- Developer: MC Lothlorien
- Publisher: Psyclapse
- Platforms: Amiga, Atari ST, MS-DOS
- Release: 1989
- Genre: Puzzle
- Mode: Single-player

= Never Mind (video game) =

1989 video game

Never Mind (also known as Nevermind) is a puzzle video game developed by MC Lothlorien and published by Psygnosis under its Psyclapse label in 1989 for Amiga, Atari ST, and MS-DOS.

==Gameplay==
The game is played in a 3D isometric environment.
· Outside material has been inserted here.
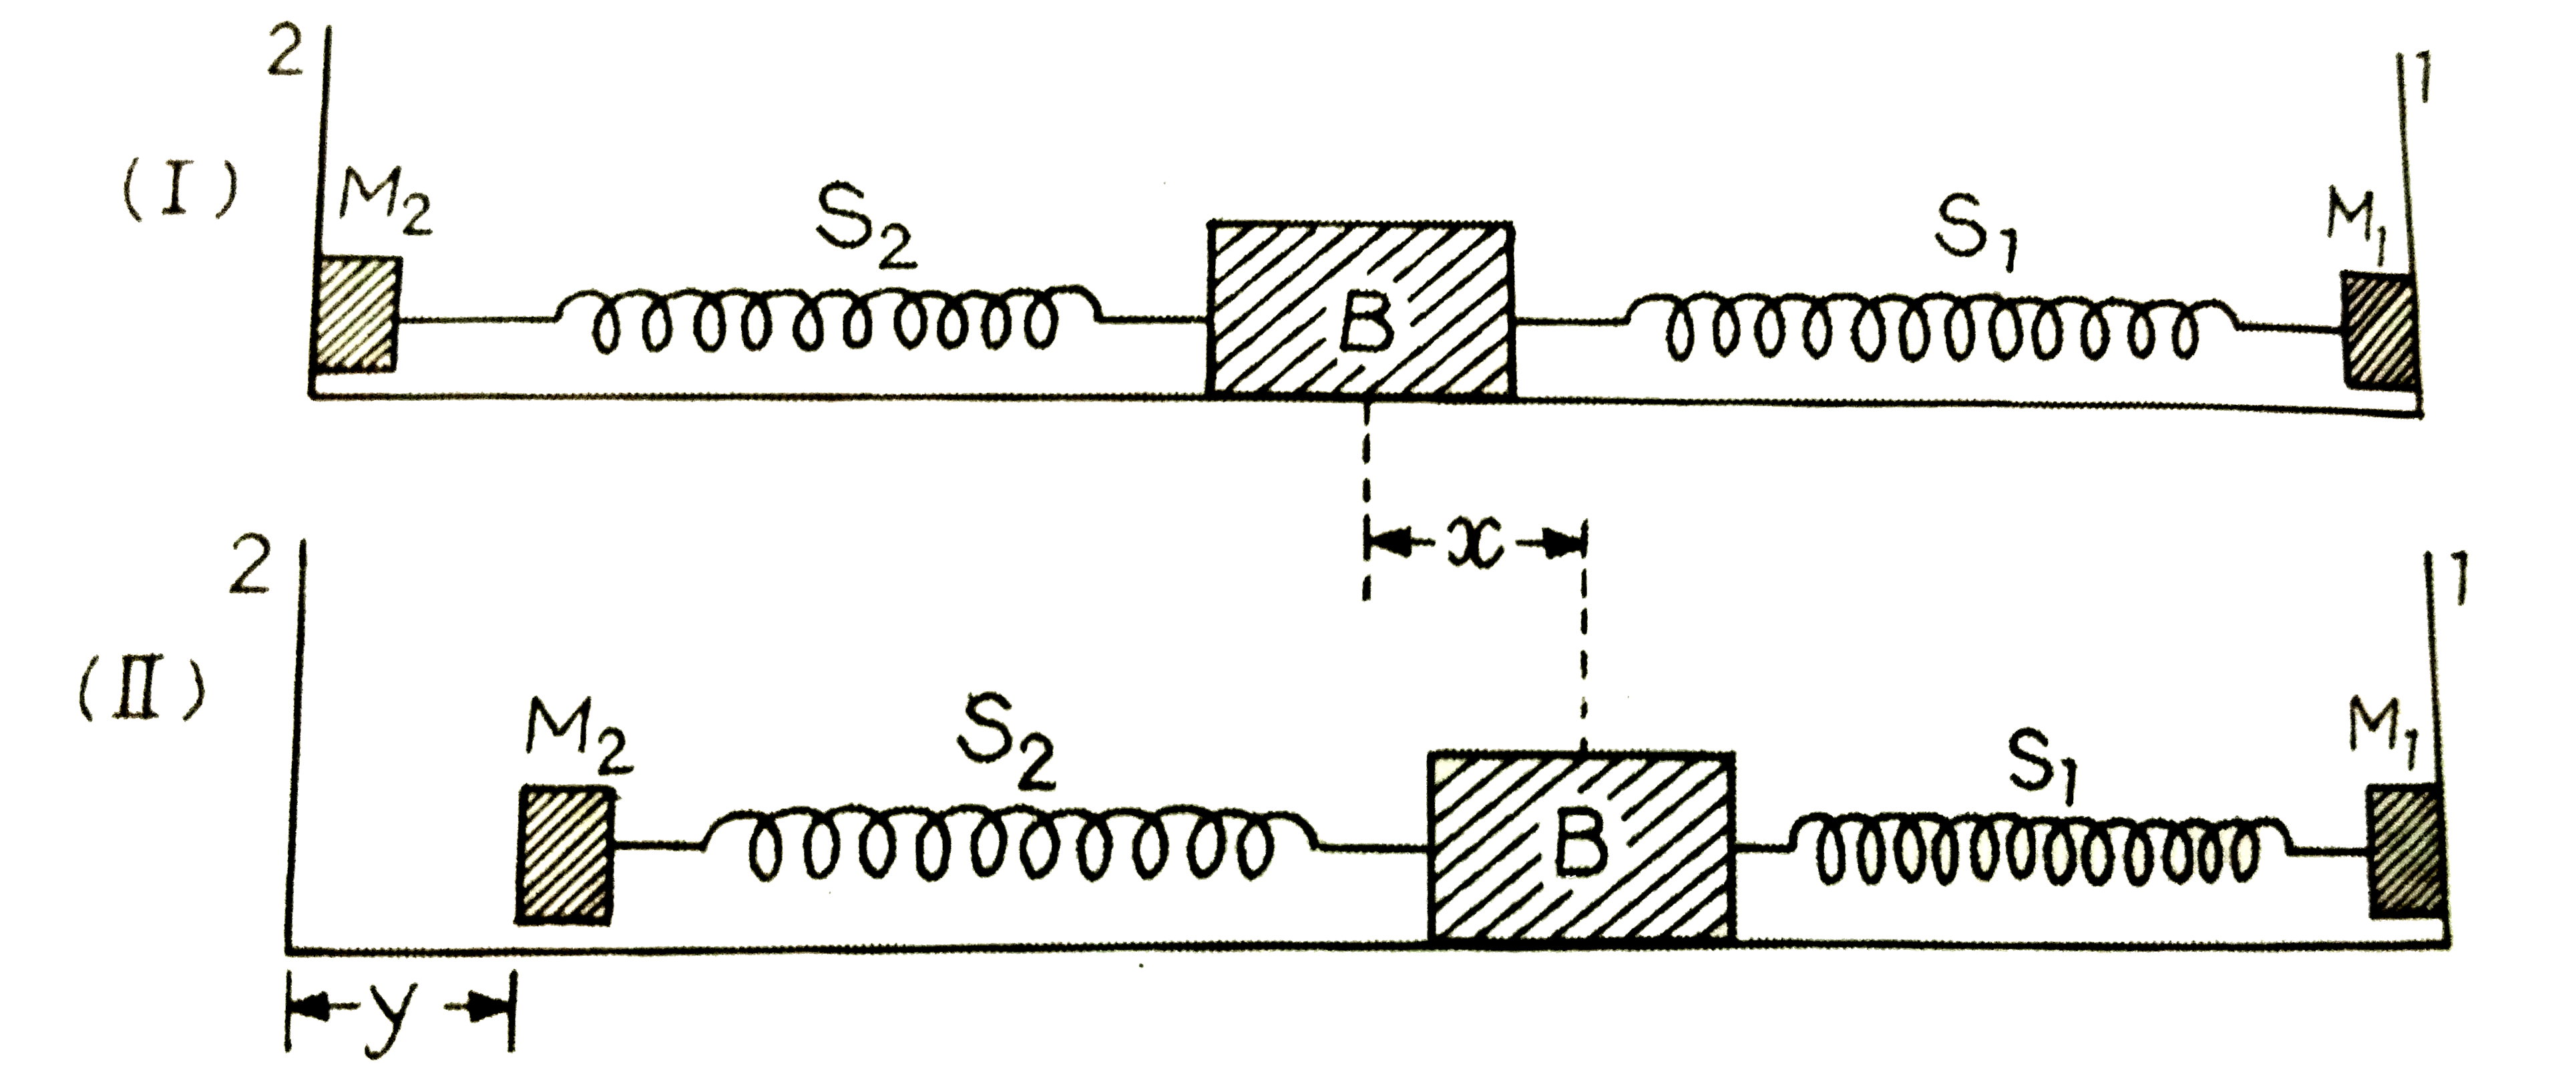 दो अतानित स्प्रिन्गे S1 तथा S2  जिनके स्प्रिंग - नियतांक क्रमशः k तथा 4k  है को एक ब्लॉक B  से जोड़ा गया है ( चित्र ) स्प्रिंगों के दूसरे सिरों को आधार M1 तथा M2  से जोड़ा गया है , जो दीवार से नहीं जुड़े है स्प्रिंगों तथा आधारों का द्रव्यमान नगण्य है कहीं भी कोई घर्षण नहीं है ब्लॉक B को दीवार -1 की ओर एक अलप - दूरी x तक विस्थापित करके छोड़ दिए जाता है ब्लॉक वापस आता है तथा दीवार -2 की ओर अधिकतम दूरी y तक जाता है x तथा y  को ब्लॉक की साम्यावस्था से मापा जाता है अनुपात y//x  का मान है

Each isometric square represents a tile. At the beginning of each level, a picture made up of sixteen tiles will be displayed to the player. The computer will then rearrange the tiles which make up the picture, and distribute some in other areas of the level. The player's task is to restore the picture to the way it looked at the beginning of the level. This is achieved by walking around the isometric world, picking up tiles, and placing them in the correct place. Throughout a level, warps must be found which allow the player to change from walking on the floor to walking on the walls. Each level has a time limit. If the time runs out, the player loses. When the picture is complete, the player progresses to the next level.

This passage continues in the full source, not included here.